The mutistep extending solution aims to reduce the extending of less important (small probability) states and enhance the extending of more important (large probability) states; for the latter states, we can, for example, extend two or more steps per extending, and for the former states, we can, for example, extend one step per extending, as we know that transient probabilities will be computed once again before the states were added to the border states, so, if we extend two or more steps, transient analysis at the intermediate states will be omitted; thus, time on the model construction will be reduced; then we can make the model much faster to converge to the absorbing state.

The experiment results are as shown in Table 4. From Table 4, we can see that current solution D performs better on this case.

5. Conclusion

The multistep extending advanced truncation method can improve the efficiency of model construction of Infinite-State CTMCs; this is because the transient probabilities of states which have been jumped have not been computed, so to some extent this method is effective; however, which solution performs better needs to be experimented; there is no general solution that fits well for all cases.

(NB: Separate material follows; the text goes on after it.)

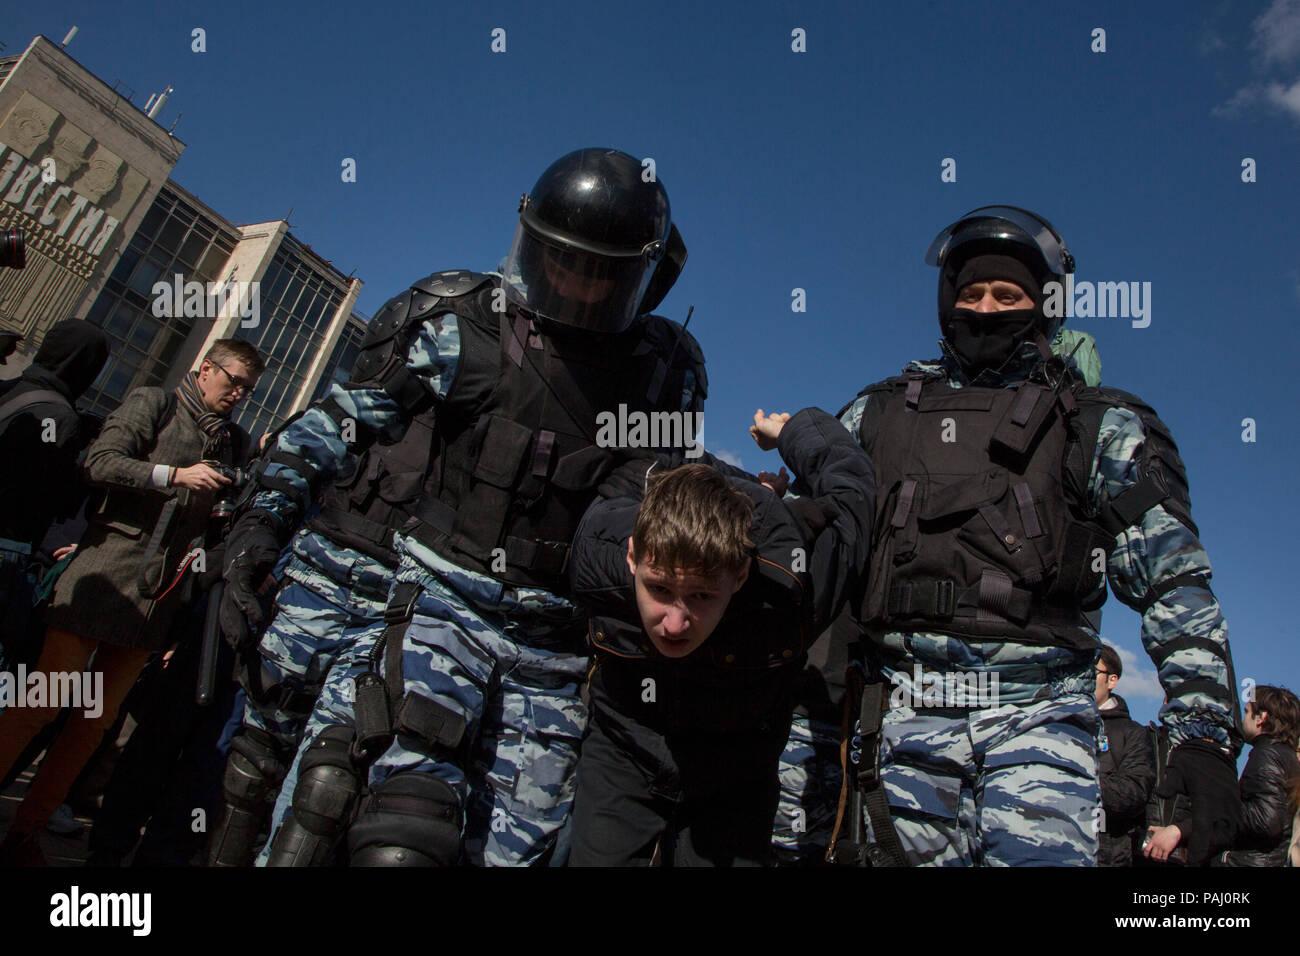 Polizisten ein junger Mann während einer Opposition Rallye am Puschkin-Platz im Zentrum von Moskau, Russland, 26. März 2017 festhalten Stockbild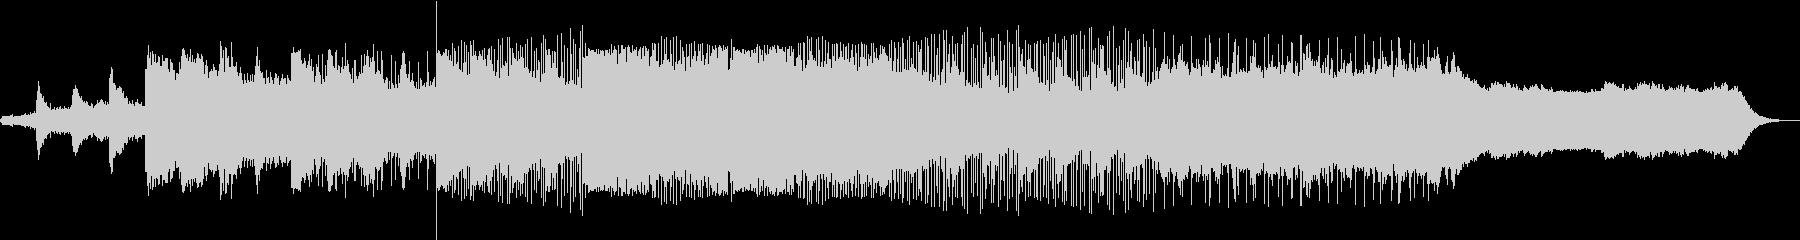 和をイメージした曲の未再生の波形

The efficiency is determined by the iterations when computing the transient probability. Less iteration is more efficient. However, this approach is essentially a linear approach to improve the efficiency; when the outsider state gets explosion, this approach will be less effective; just as in our case study, this approach can be used effectively to improve the model checking efficiency at a relatively small time bound t. For future work, we need to consider other techniques to tackle the state explosion problem on model checking of CTMCs. And other works like [12–15] can also be considered.

Conflict of Interests

The authors declare that there is no conflict of interests regarding the publication of this paper.